By John Borland | Wired.com
| Aug. 14, 2007
On November 17th, 2005, an anonymous Wikipedia user deleted 15 paragraphs from an article on e-voting machine-vendor Diebold, excising an entire section critical of the company's machines. While anonymous, such changes typically leave behind digital fingerprints offering hints about the contributor, such as the location of the computer used to make the edits.
In this case, the changes came from an IP address reserved for the corporate offices of Diebold itself. And it is far from an isolated case. A new data-mining service launched Monday traces millions of Wikipedia entries to their corporate sources, and for the first time puts comprehensive data behind longstanding suspicions of manipulation, which until now have surfaced only piecemeal in investigations of specific allegations.
Wikipedia Scanner -- the brainchild of Cal Tech computation and neural-systems graduate student Virgil Griffith -- offers users a searchable database that ties millions of anonymous Wikipedia edits to organizations where those edits apparently originated, by cross-referencing the edits with data on who owns the associated block of internet IP addresses.
Inspired by news last year that Congress members' offices had been editing their own entries, Griffith says he got curious, and wanted to know whether big companies and other organizations were doing things in a similarly self-interested vein.
"Everything's better if you do it on a huge scale, and automate it," he says with a grin.
This database is possible thanks to a combination of Wikipedia policies and (mostly) publicly available information.
The online encyclopedia allows anyone to make edits, but keeps detailed logs of all these changes.
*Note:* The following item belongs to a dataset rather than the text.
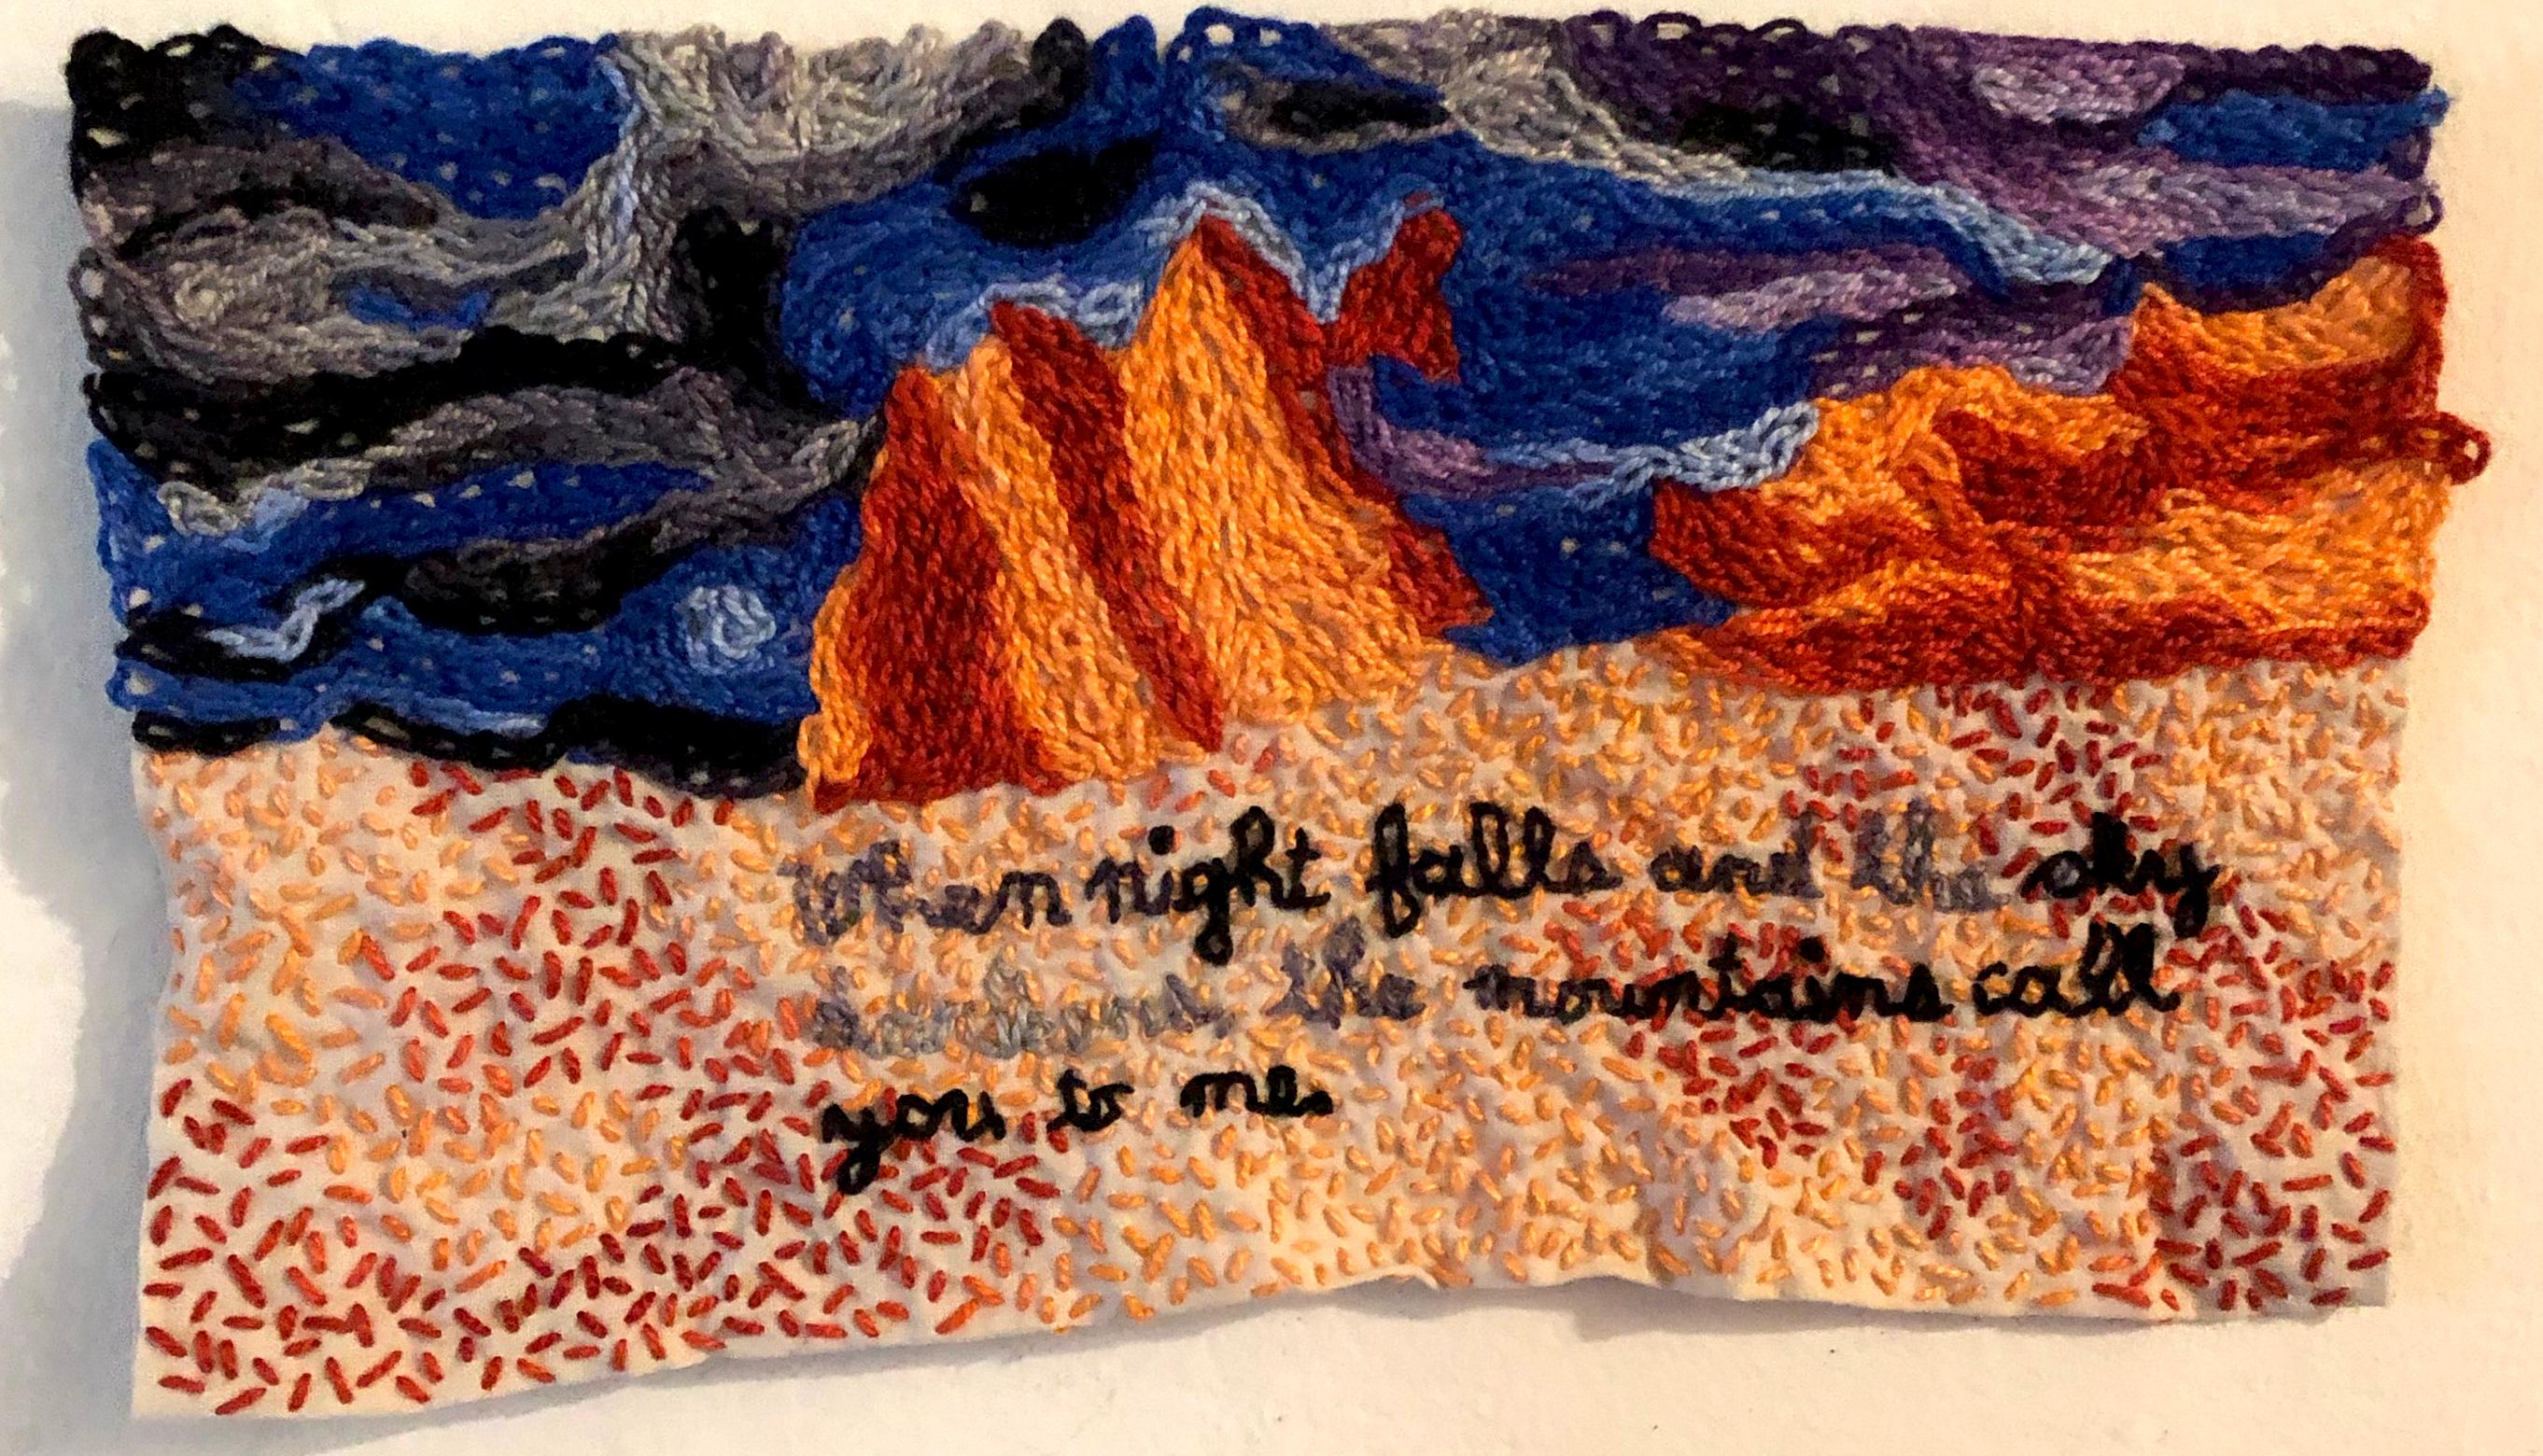 Night Falls - narrative embroidered fabric with landscape, sky and mountains - Mixed Media Art by Iviva Olenick

Users who are logged in are tracked only by their user name, but anonymous changes leave a public record of their IP address.
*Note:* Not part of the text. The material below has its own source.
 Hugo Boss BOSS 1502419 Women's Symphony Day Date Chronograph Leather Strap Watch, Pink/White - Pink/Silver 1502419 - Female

The organization also allows downloads of the complete Wikipedia, including records of all these changes.
Griffith thus downloaded the entire encyclopedia, isolating the XML-based records of anonymous changes and IP addresses. He then correlated those IP addresses with public net-address lookup services such as ARIN, as well as private domain-name data provided by IP2Location.com.
The result: A database of 34.4 million edits, performed by 2.6 million organizations or individuals ranging from the CIA to Microsoft to Congressional offices, now linked to the edits they or someone at their organization's net address has made.
Some of this appears to be transparently self-interested, either adding positive, press release-like material to entries, or deleting whole swaths of critical material.
Voting-machine company Diebold provides a good example of the latter, with someone at the company's IP address apparently deleting long paragraphs detailing the security industry's concerns over the integrity of their voting machines, and information about the company's CEO's fund-raising for President Bush.
The text, deleted in November 2005, was quickly restored by another Wikipedia contributor, who advised the anonymous editor, "Please stop removing content from Wikipedia. It is considered vandalism."
A Diebold Election Systems spokesman said he'd look into the matter but could not comment by press time.
Wal-Mart has a series of relatively small changes in 2005 that that burnish the company's image on its own entry while often leaving criticism in, changing a line that its wages are less than other retail stores to a note that it pays nearly double the minimum wage, for example. Another leaves activist criticism on community impact intact, while citing a "definitive" study showing Wal-Mart raised the total number of jobs in a community.
As has been previously reported, politician's offices are heavy users of the system. Former Montana Sen. Conrad Burns' office, for example, apparently changed one critical paragraph headed "A controversial voice" to "A voice for farmers," with predictably image-friendly content following it.
Perhaps interestingly, many of the most apparently self-interested changes come from before 2006, when news of the Congressional offices' edits reached the headlines. This may indicate a growing sophistication with the workings of Wikipedia over time, or even the rise of corporate Wikipedia policies.
Wikipedia founder Jimmy Wales told Wired News he was aware of the new service, but needed time to experiment with it before commenting.
The vast majority of changes are fairly innocuous, however. Employees at the CIA's net address, for example, have been busy -- but with little that would indicate their place of apparent employment, or a particular bias.
One entry on "Black September in Jordan" contains wholesale additions, with specific details that read like a popular history book or an eyewitness' memoir.
Many more are simple copy edits, or additions to local town entries or school histories. One CIA entry deals with the details of lyrics sung in a Buffy the Vampire Slayer episode.
Griffith says he launched the project hoping to find scandals, particularly at obvious targets such as companies like Halliburton. But there's a more practical goal, too: By exposing the anonymous edits that companies such as drugs and big pharmaceutical companies make in entries that affect their businesses, it could help experts check up on the changes and make sure they're accurate, he says.
For now, he has just scratched the surface of the database of millions of entries. But he's putting it online so others can look too.
The nonprofit Wikimedia Foundation, which runs Wikipedia, did not respond to e-mail and telephone inquiries Monday.